Vigário Geral vivia o seu primeiro sábado alegre depois da chacina. Às cinco da tarde, suas ruas de terra batida fervilhavam de calor e de gente. Muitas coisas iriam me impressionar naquela primeira visita, além da presença ostensiva dos traficantes e suas armas medonhas, uma rotina com a qual eu teria que me acostumar nos dez meses seguintes, passado o susto inicial. A meia hora da Zona Sul, a trinta quilômetros do centro do Rio, eu estava entrando em outro mundo. (VENTURA, 1994, p. 54)

Esse Rio do subúrbio para o autor poderia ser a apenas 30 quilômetros, mas a distância com aquele das áreas nobres era bem maior. Uma cidade outra, desconhecida de milhares de cariocas e que foi observada em detalhes nas suas transcrições:

A todo instante, é preciso desviar de uma criança, dos cachorros ou mesmo de um porco enorme, lento, que resolve passar pela frente. (...)Grupos sentados nas portas se abanam e conversam. Em pelo menos duas esquinas tenho a impressão de ver vários jovens com fuzís a tiracolo, ou metralhadoras, não sei bem. Acho prudente ser discreto e não ficar olhando (VENTURA, 1994, Pgs 57 e 58)

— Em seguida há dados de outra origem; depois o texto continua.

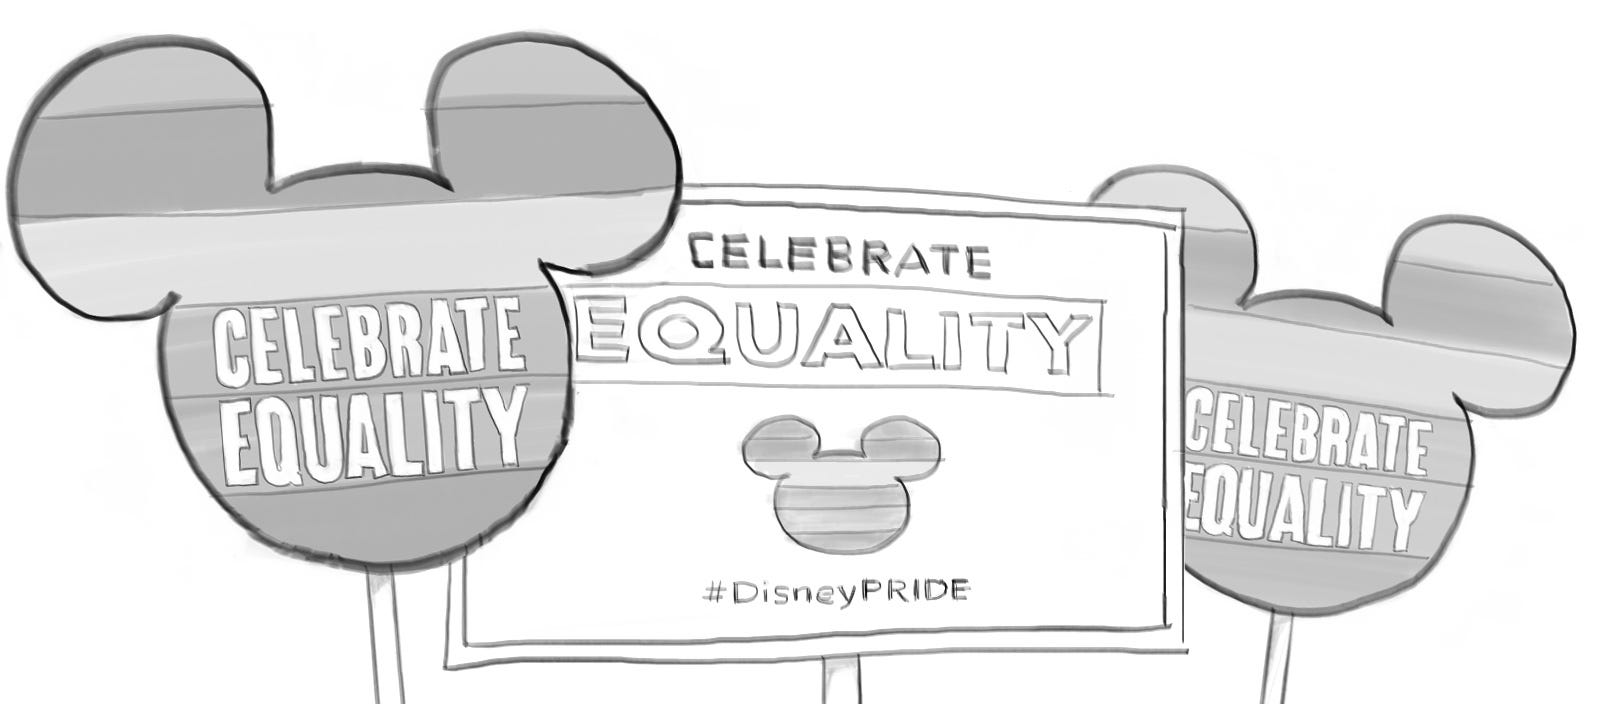 Disney workers strike on behalf of LGBTQ rights
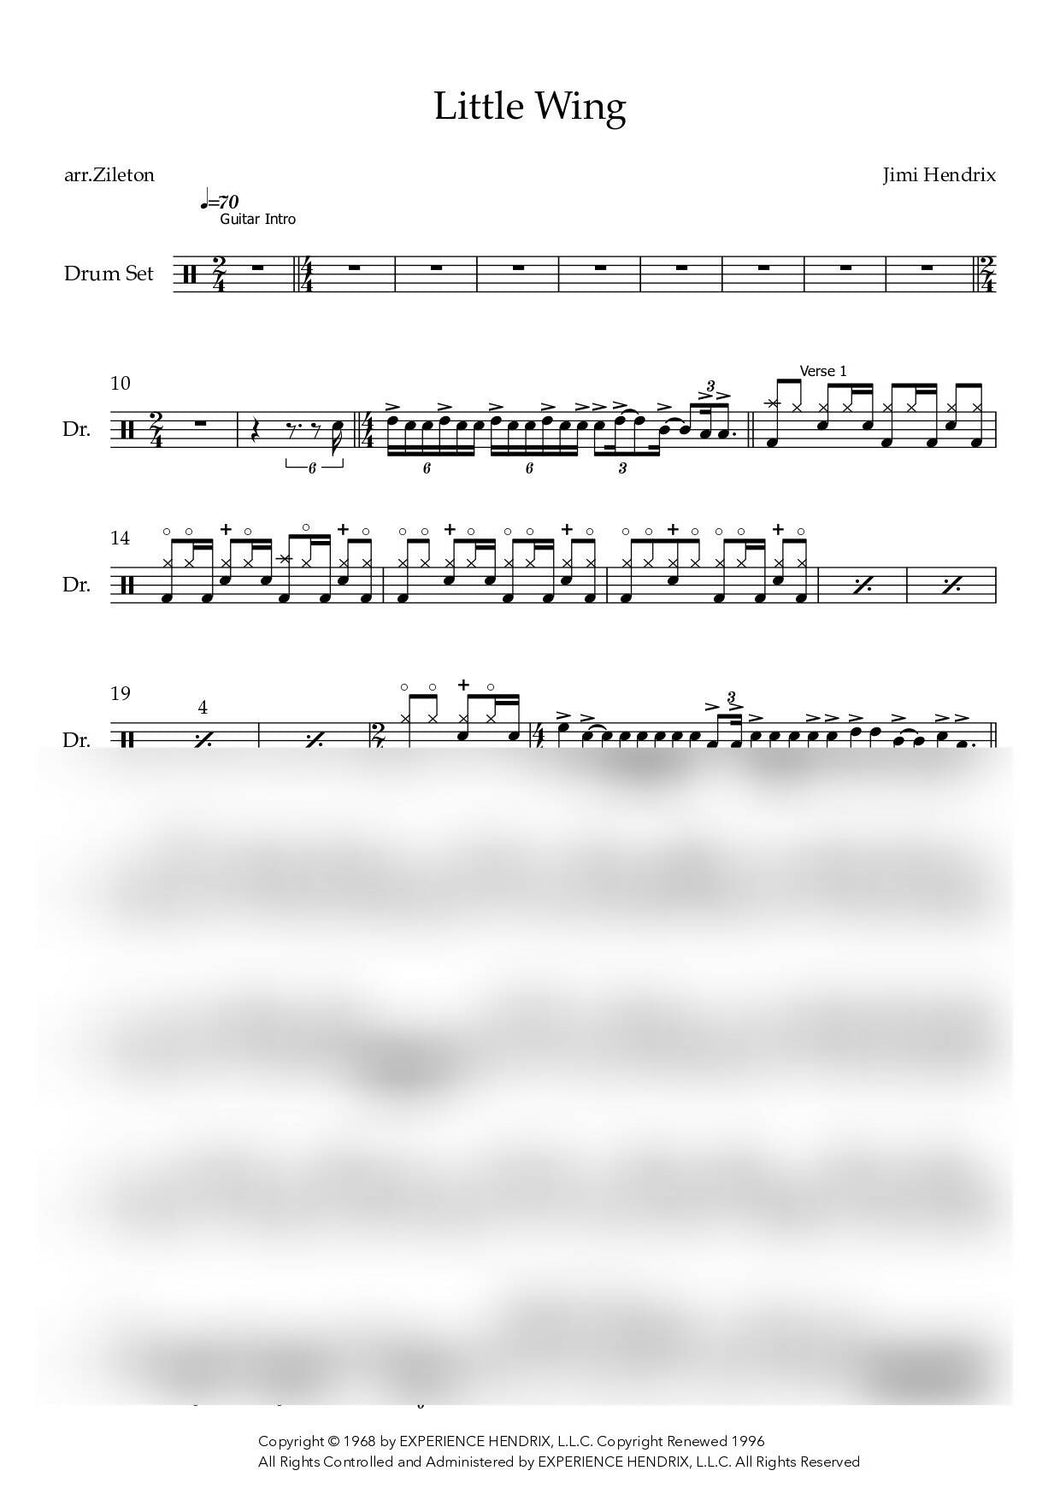 Littele Wing - Jimi Hendrix - Full Drum Transcription / Drum Sheet Music - Ziotrio

A história conta o envolvimento do jornalista com essa comunidade, numa época em uma região dominada por esse “poder paralelo”, onde jovens e suas armas estabelecem as regras, onde é preciso ter um outro “código de conduta”, alheio, diferente, outro. A praia, referência para os cariocas, é descrita em alguns momentos como um local de conflitos, de constantes arrastões, como o que aconteceu em 1992, e de “Vietnãs”, zonas de exclusão onde quem passava estava sob a mira de grupos rivais, o que desenvolveu nos moradores dessa cidade uma “cultura do medo”.

Nesse começo dos anos 90, a violência tinha propagado sua nocividade pelo organismo social como se fosse um contágio biológico, contaminando atitudes e mentalidades. Não se sabia mais o que era causa, efeito ou sintoma. E 1993 parecia condensar, como um ano-marco, todas as formas agressivas de conduta: a violência pública, a doméstica e a do Estado. Assaltos, chacinas, seqüestros, arrastões, saques, linchamentos, estupros eram manifestações espetaculares dessa nova cultura, a Cultura da Violência, que já havia criado o que o antropólogo Luiz Eduardo Soares chamou de Cultura do Medo, um subproduto também perigoso. Não o medo natural, indispensável como legítima defesa da vida e do patrimônio, mas o "medo reativo", histérico, o medo transformado em paranóia e pânico, habitante de bunkers, condomínios fechados, cidadelas medievais. (VENTURA, 1994, p.137)

E é nesse contexto que Ventura vai desvendando a cidade, os projetos, a tentativa de moradores das duas cidades de torná-la um dia uma: o projeto de criação da “Viva Rio” de Betinho e Rubem César na tentativa de mobilizar o lado “civilizado” e o protesto dos moradores de Vigário Geral. O autor “flana” por estes mundos atento e observador e vai mostrando ao longo desses primeiros anos dos 90 tentativas de recuperar o tempo perdido, uma cidade tentando juntar os seus pedaços e novamente querendo ser uma.

E assim a década testemunhou o confisco da poupança dos brasileiros do Governo Collor, o seu impeachment, a era Itamar Franco e depois o Real e Fernando Henrique, ale do fim dos altos índices de inflação, a conquista do tetracampeonato em 1994 e o ressurgimento do cinema nacional. O Rio via os índices de violência e assassinatos aumentarem, apesar das iniciativas de paz.

Nos anos 90 a TV Globo tenta diversificar a cobertura jornalística e perder a associação com a Ditadura Militar. A teledramaturgia continua sendo o carro chefe e o telejornalismo tenta encontrar outras propostas. Em 1996 o Jornal Nacional muda seus apresentadores. Saem Cid Moreira e Sérgio Chapelin e entram em cena William Bonner e Lilian Witte Fibe. Coutinho citando Porto analisa que essa mudança significou a transformação para um estilo mais interpretativo na apresentação. Junto com isso a

emissora investiu num conteúdo jornalístico internacional e tem priorizado desde então notícias no eixo Rio- São Paulo – Brasília.